Problem details - Skipping any pictures, repeat exactly and only the lines from the one that holds "Primary private bath. separate shower." to the last line of the material, both included.

**** Data below ****

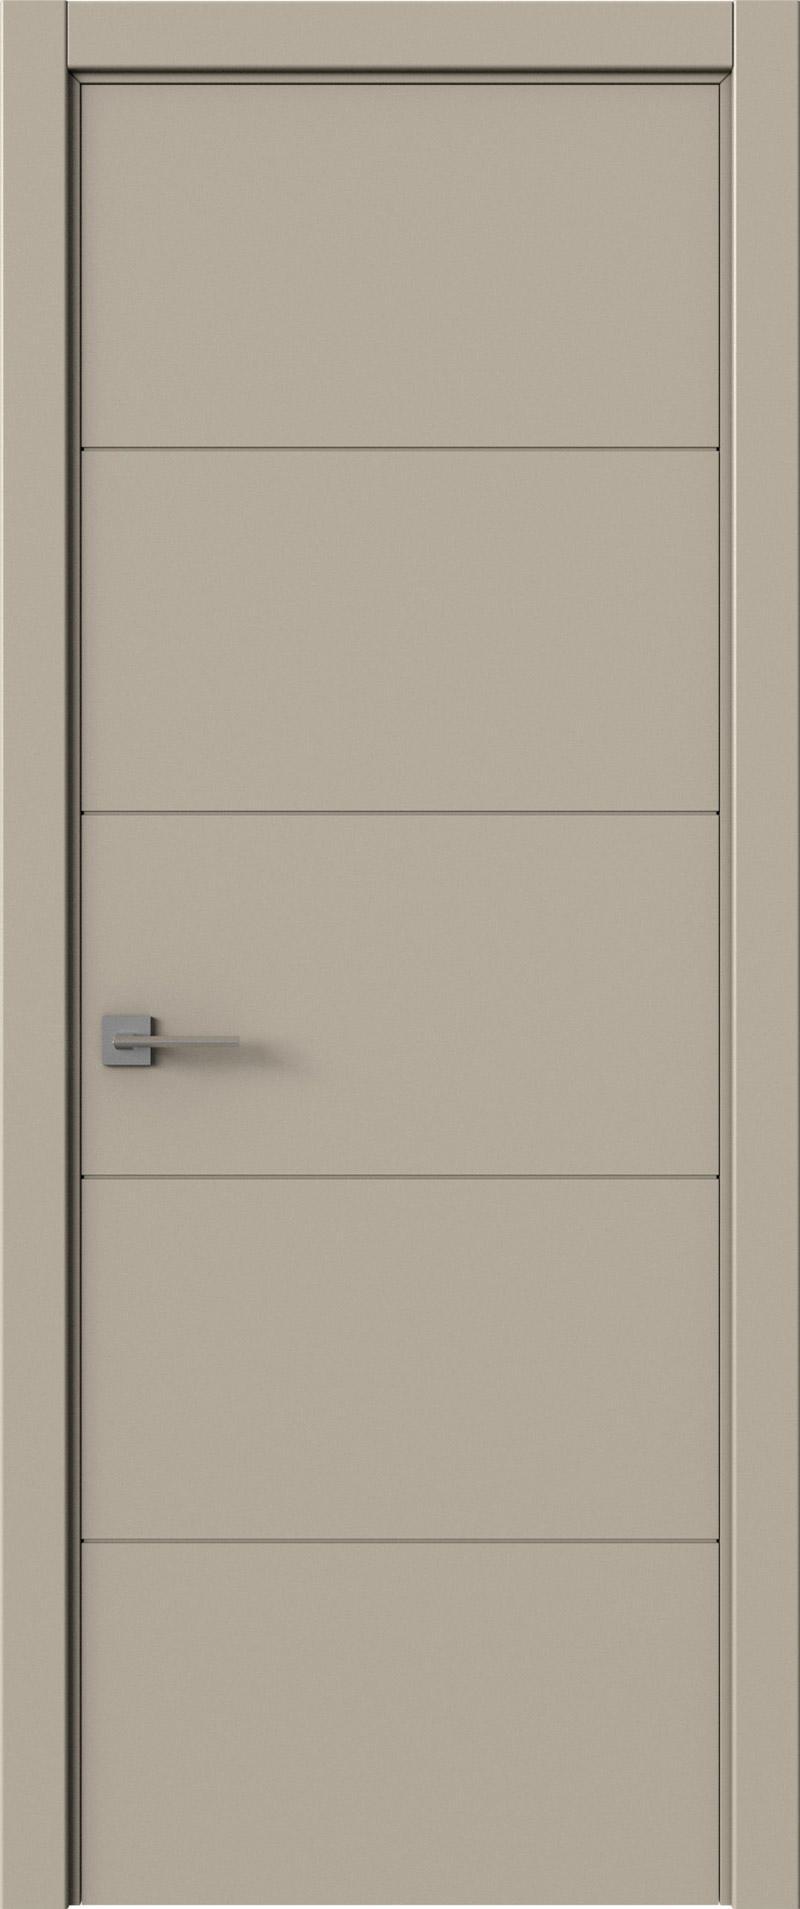 Tivoli Д-2 цвет - Серо-оливковая эмаль (RAL 7032) Без стекла (ДГ)
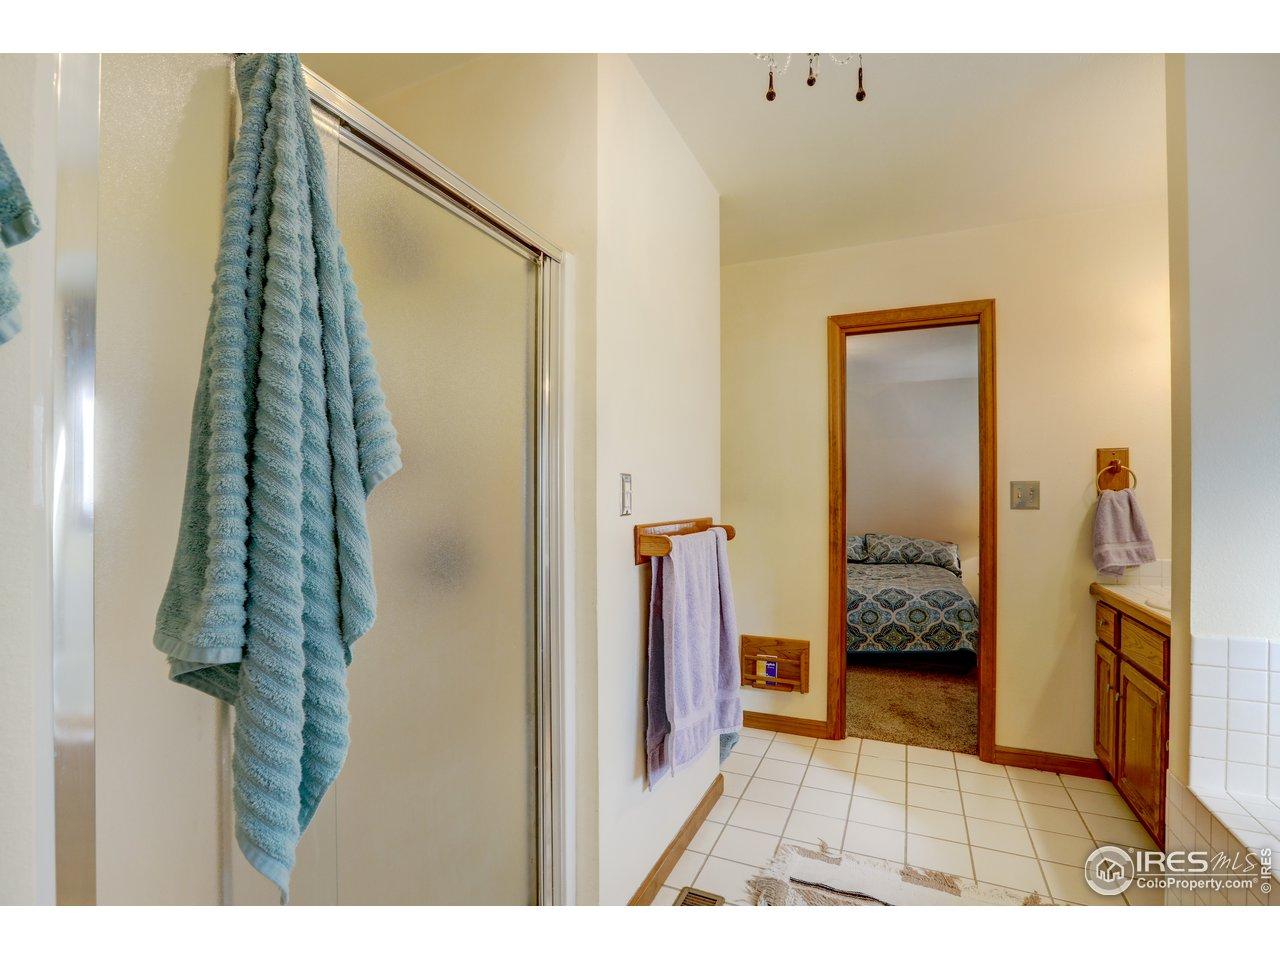 Primary private bath. separate shower.
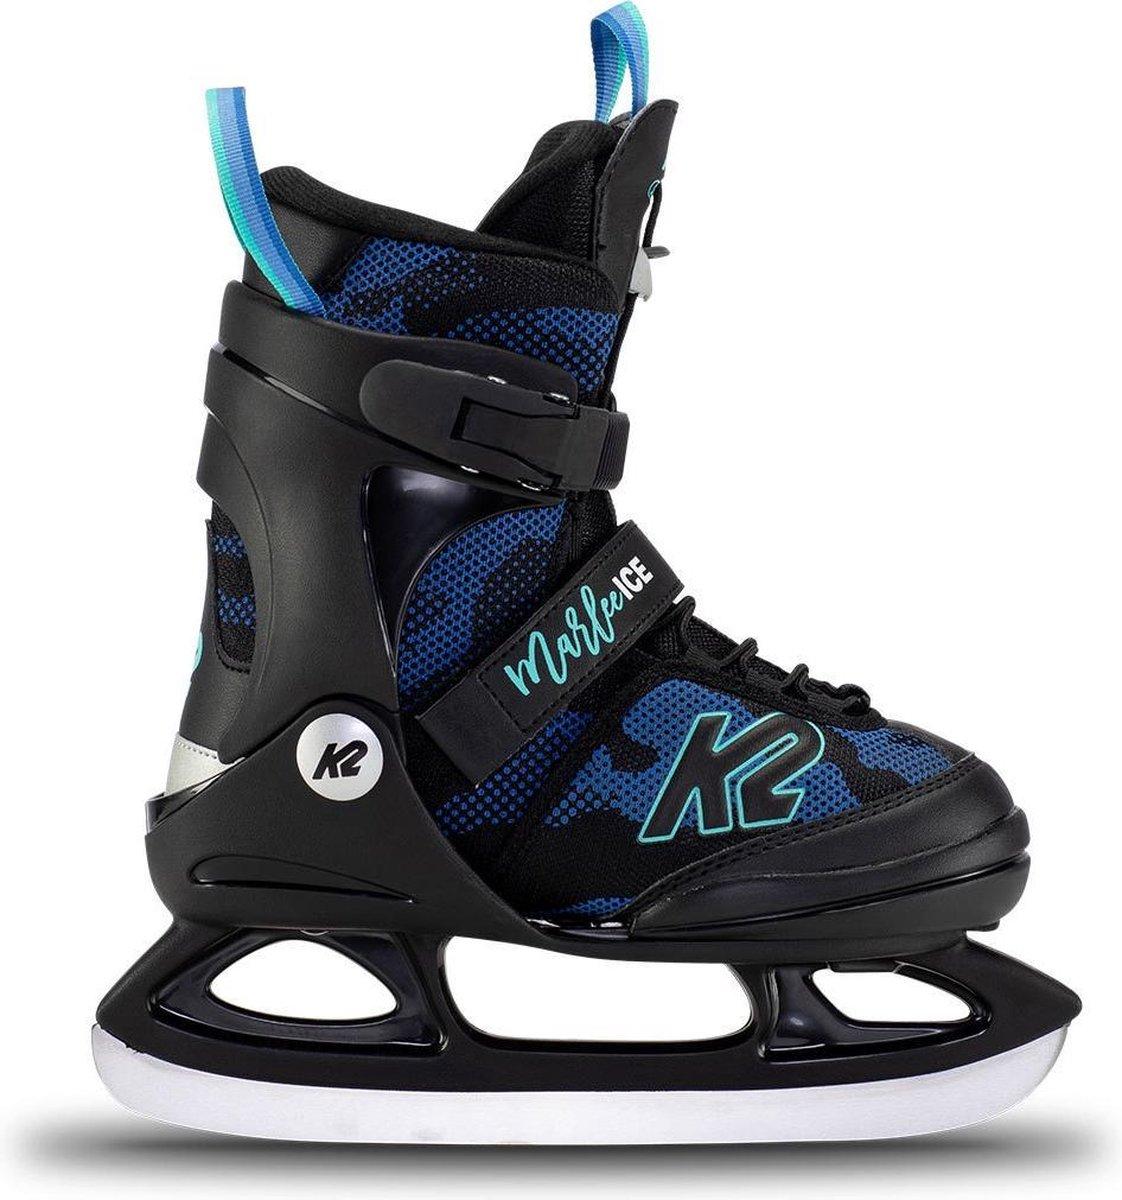 K2 Marlee Ice Girl's
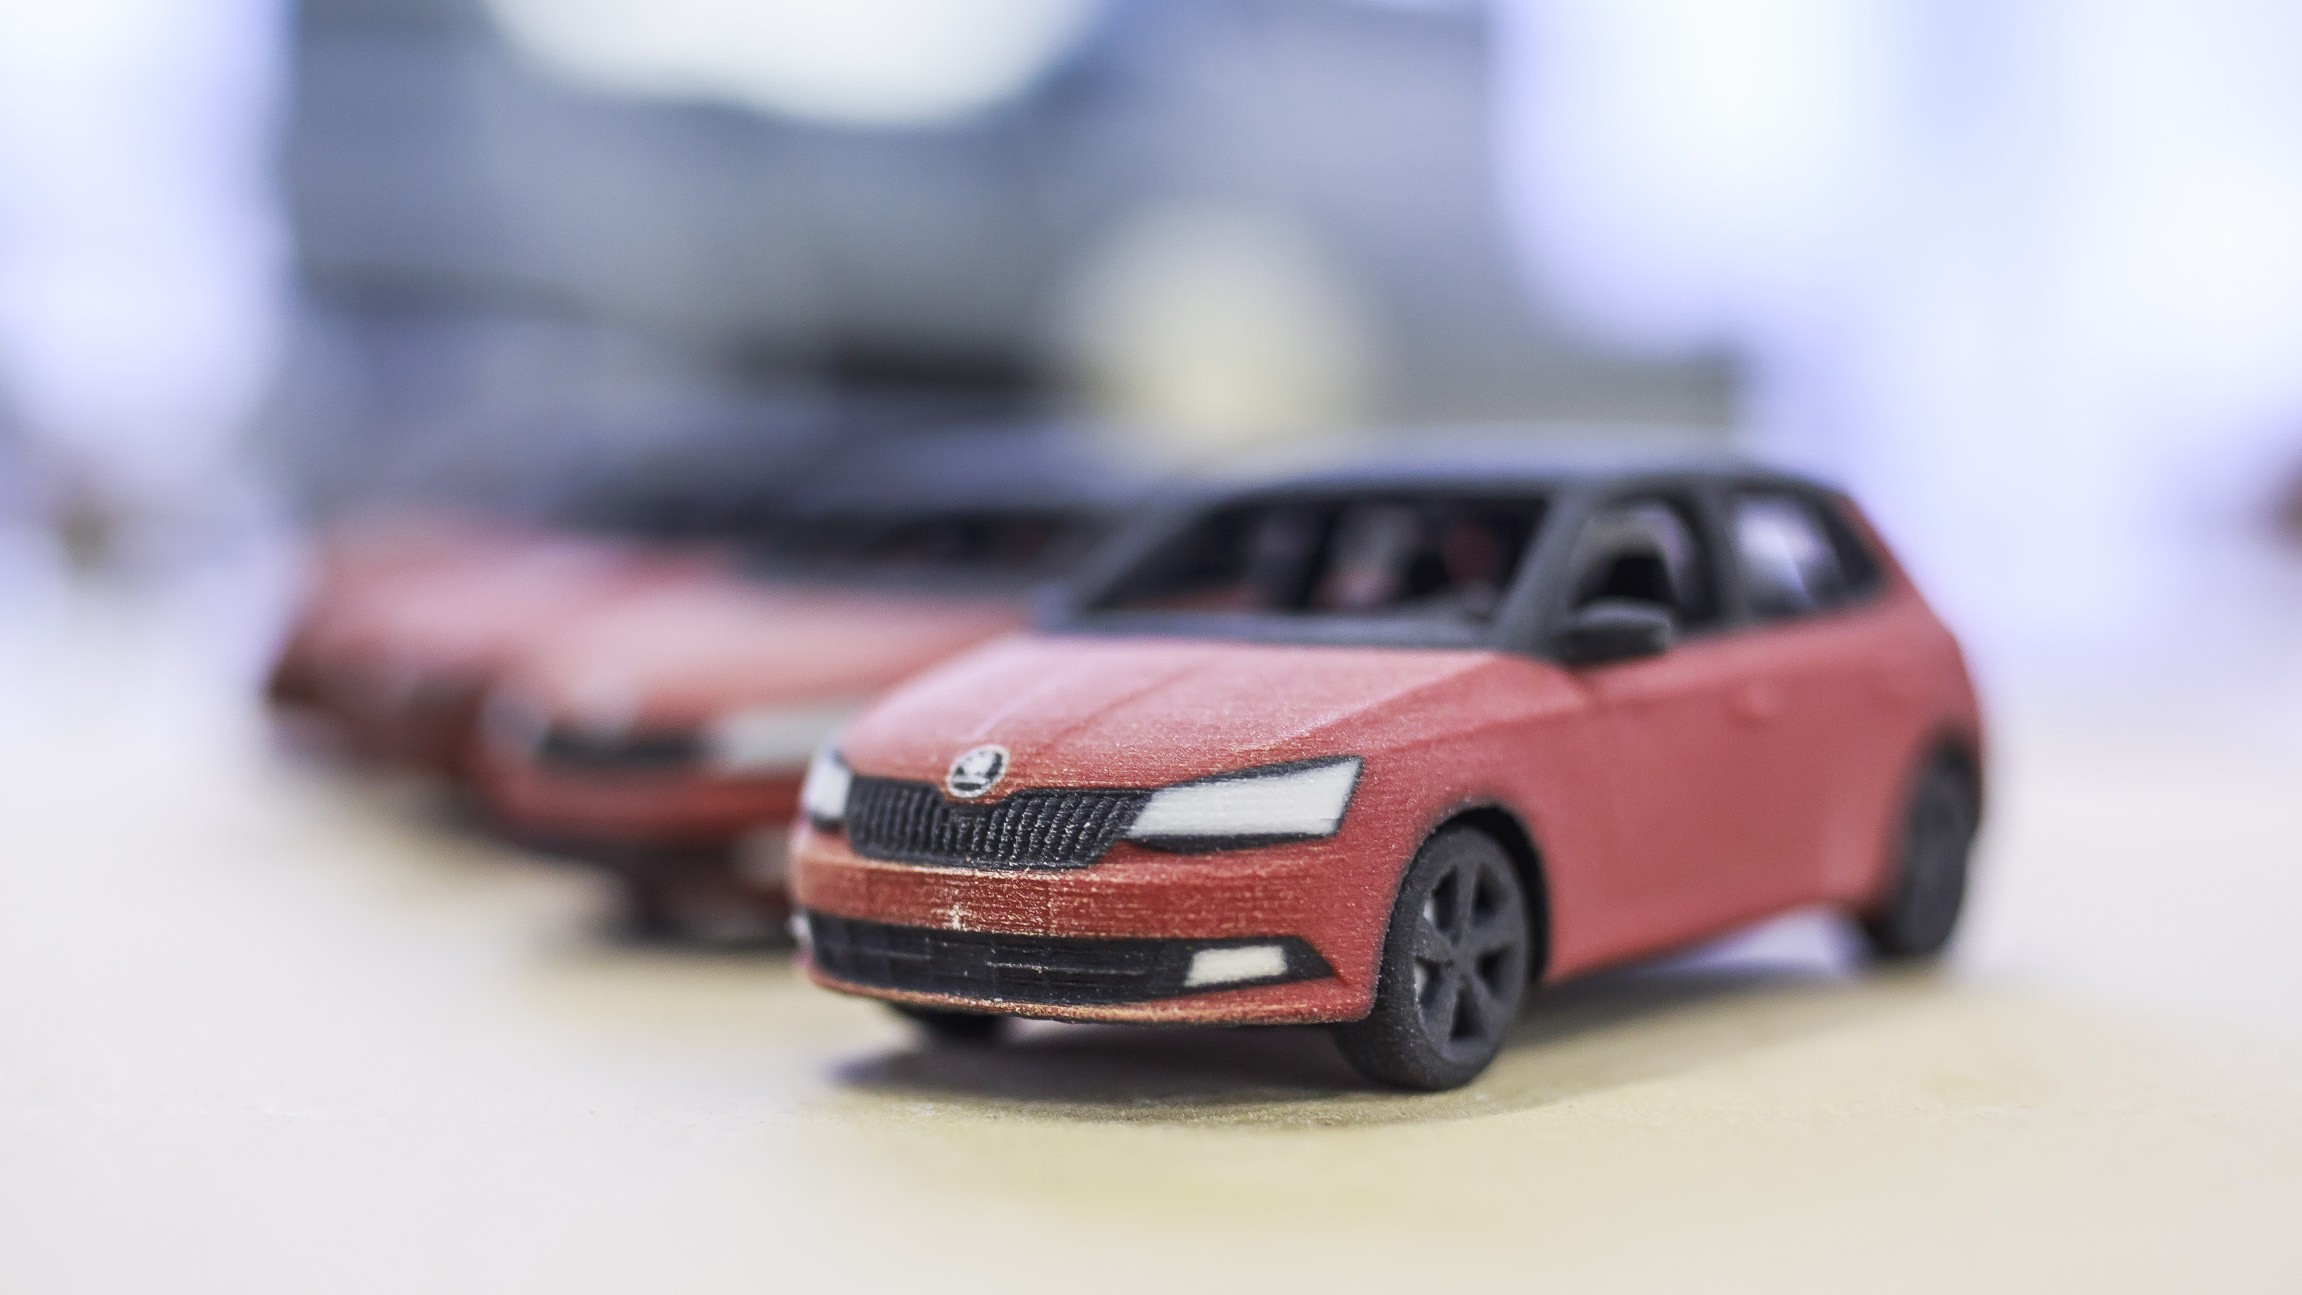 SKÔDA France 3D prints little Fabias! - Sculpteo Blog

****

Task answer -
 Primary private bath. separate shower.
 K2 Marlee Ice Girl's
 SKÔDA France 3D prints little Fabias! - Sculpteo Blog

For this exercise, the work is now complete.